In 1843, at the age of 24, their eldest son Louis married 18-year-old Caroline Montour. Caroline Montour was the daughter of a fur trader and a Métis woman, and the sister of Thomas McKay’s wife Isabelle. This union made Thomas McKay, already a close family friend, young Louis’ brother-in-law.
In 1843, settlers in the Oregon Territory decided to vote on whether or not to form a provisional government to oversee affairs in the Northwest. A vote in favor of the provisional government was a vote in favor of the growing American interests in the region. A vote against was a show of support for the status quo and the continuation of Hudson’s Bay Company influence. Celiast’s husband Solomon, an American who had been born in New Hampshire and studied medicine in Vermont, voted for the formation of the provisional government, as did Joseph Gervais. Louis Labonté, a French Canadian who sold wheat from his farm to the Hudson’s Bay Company at Fort Vancouver, voted against the provisional government. This historic vote, which took place at Champoeg, Oregon, resulted in the formation of the provisional government and the beginnings of formal American control in the region.
In 1848, Kilakotah’s son-in-law, Joseph McLoughlin, died. He and Victoire had no recorded children. Victoire may have spent some time with her mother during this period. In the 1850 census, Victoire was living on a neighboring farm to her parents’ and was the head of her household. That year, three of the Labontés’ children were living with them: Louis, whose wife Caroline had died, 16-year-old Julienne, and 10-year-old Caroline.
Later Life
The Labontés continued to live on their farm in Dayton, Oregon. Kilakotah saw her children marry and have children of their own.

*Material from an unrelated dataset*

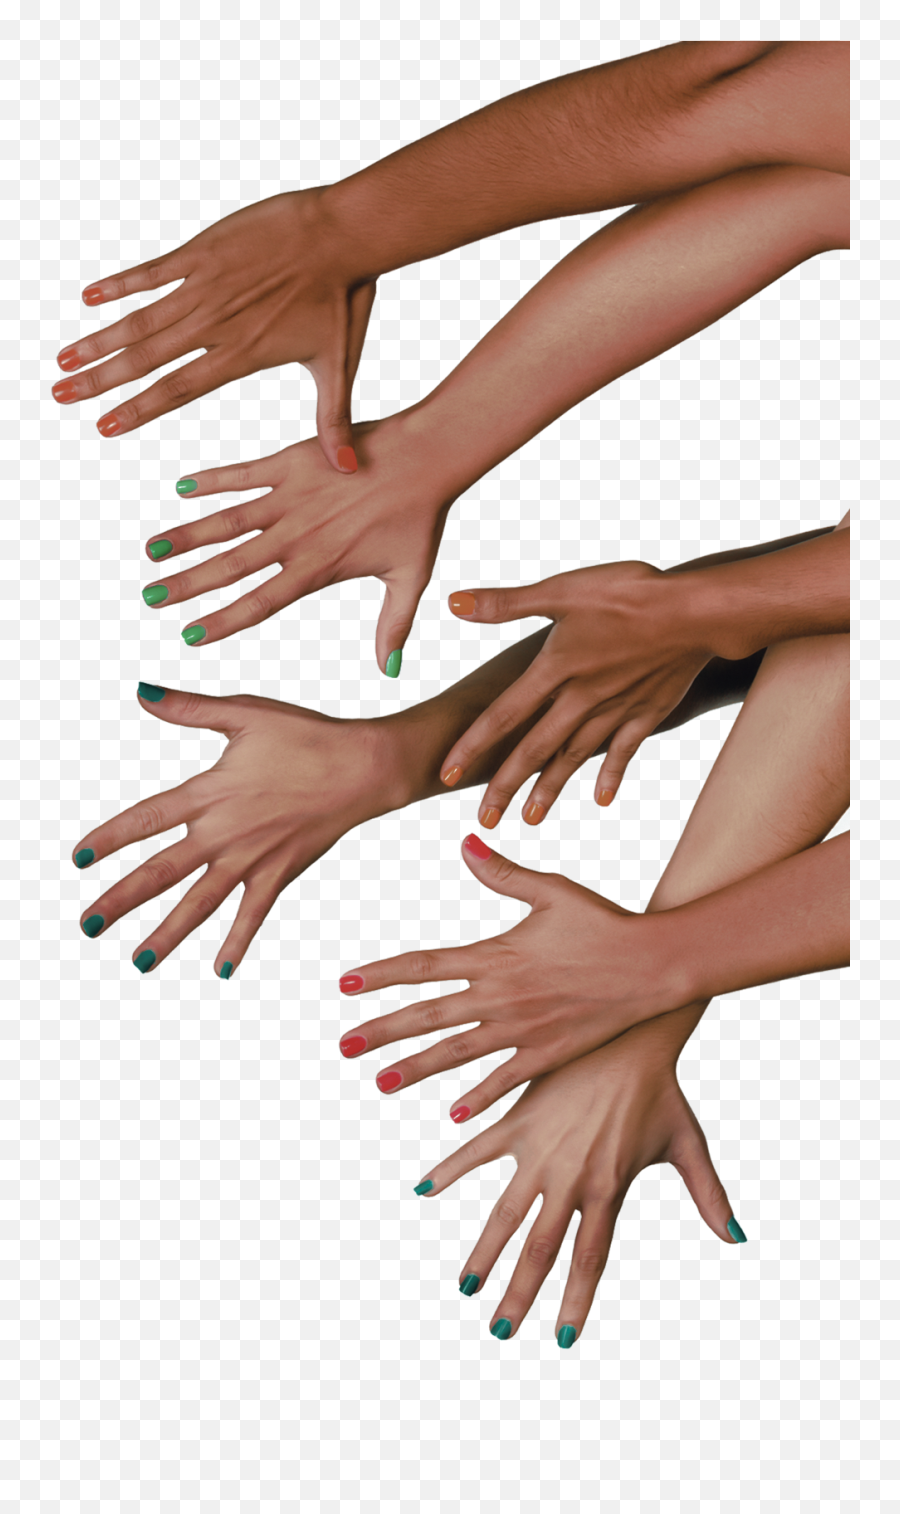 Hands Png Images Download Hd In 2020 Photo Editing - Hands Png For Editing,Hands Png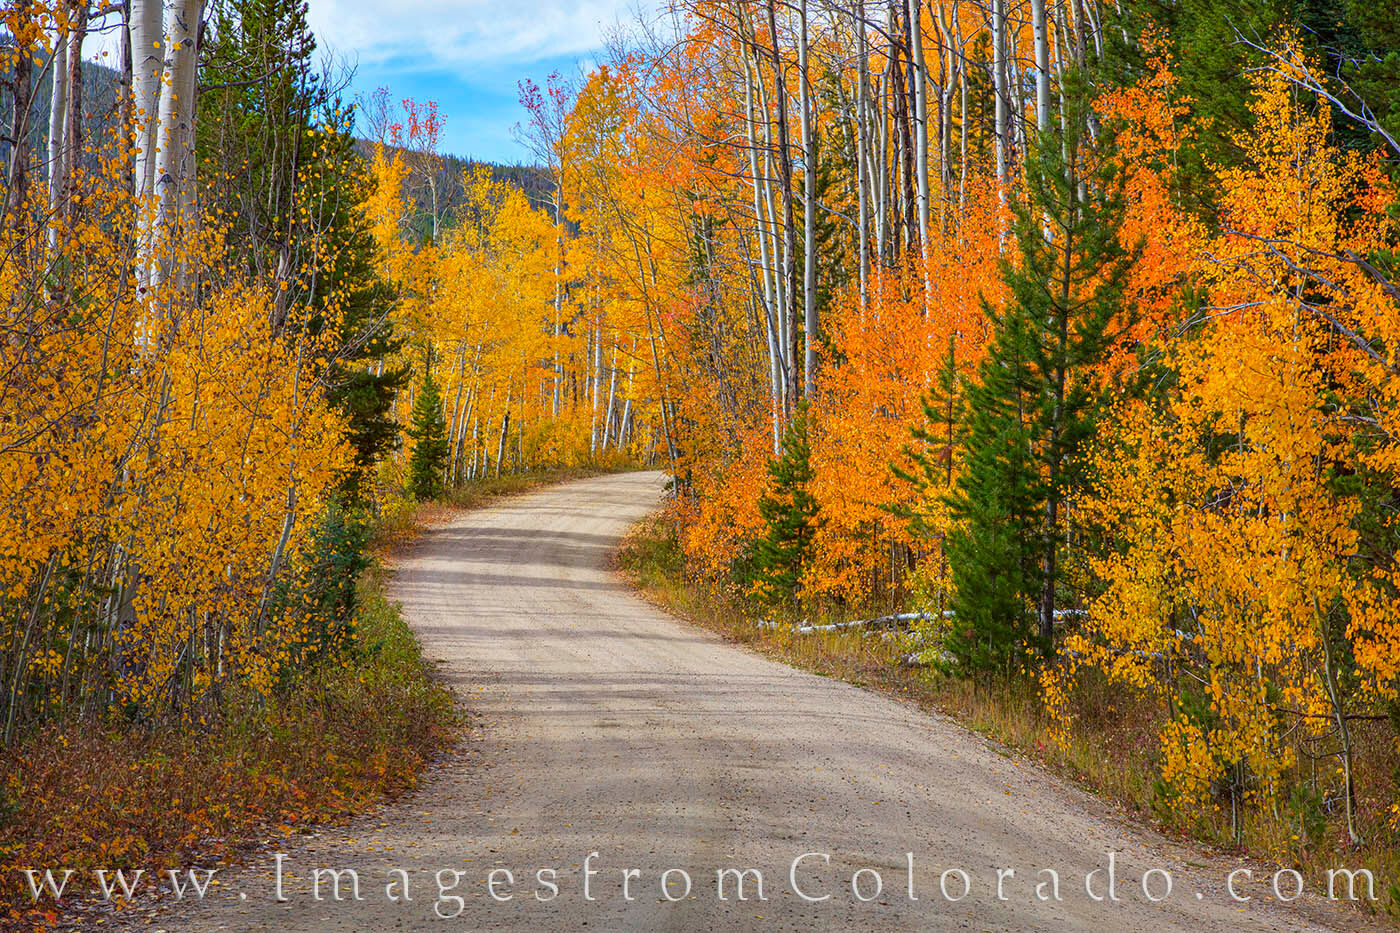 Behind the resort town of Winter Park, CR 72 shows off its fall colors on a cool, late September day. I loved how the winding...

Louis Labonté died in 1860. On the 1870 census, Kilakotah was living with her son, Louis, his second wife, and his many children.
Meanwhile, Celiast and Solomon Smith continued to live in northwestern Oregon, operating a store along the Skipanon River and a saw-mill on the Lewis and Clark River. Solomon and Celiast continued their interest in education and helped to start a subscription school in the 1840s. Solomon also served as a county commissioner and was elected to the Oregon State Senate. Celiast outlived her sister; she died in 1891 and is buried alongside her husband in Warrenton, Oregon.
Kilakotah died on July 18, 1873, and is buried at the St. Paul Catholic Cemetery in St. Paul, Oregon.
Kilakotah, Celiast, and Yiamist were three Indigenous women who navigated monumental changes in the Northwest, and did it together. They came together to celebrate marriages and baptisms, and maintained close family ties as they started their families, engaged in family businesses, and moved around the Pacific Northwest. Their stories are a powerful illustration of the interconnectedness of the residents of the Willamette Valley and Fort Vancouver.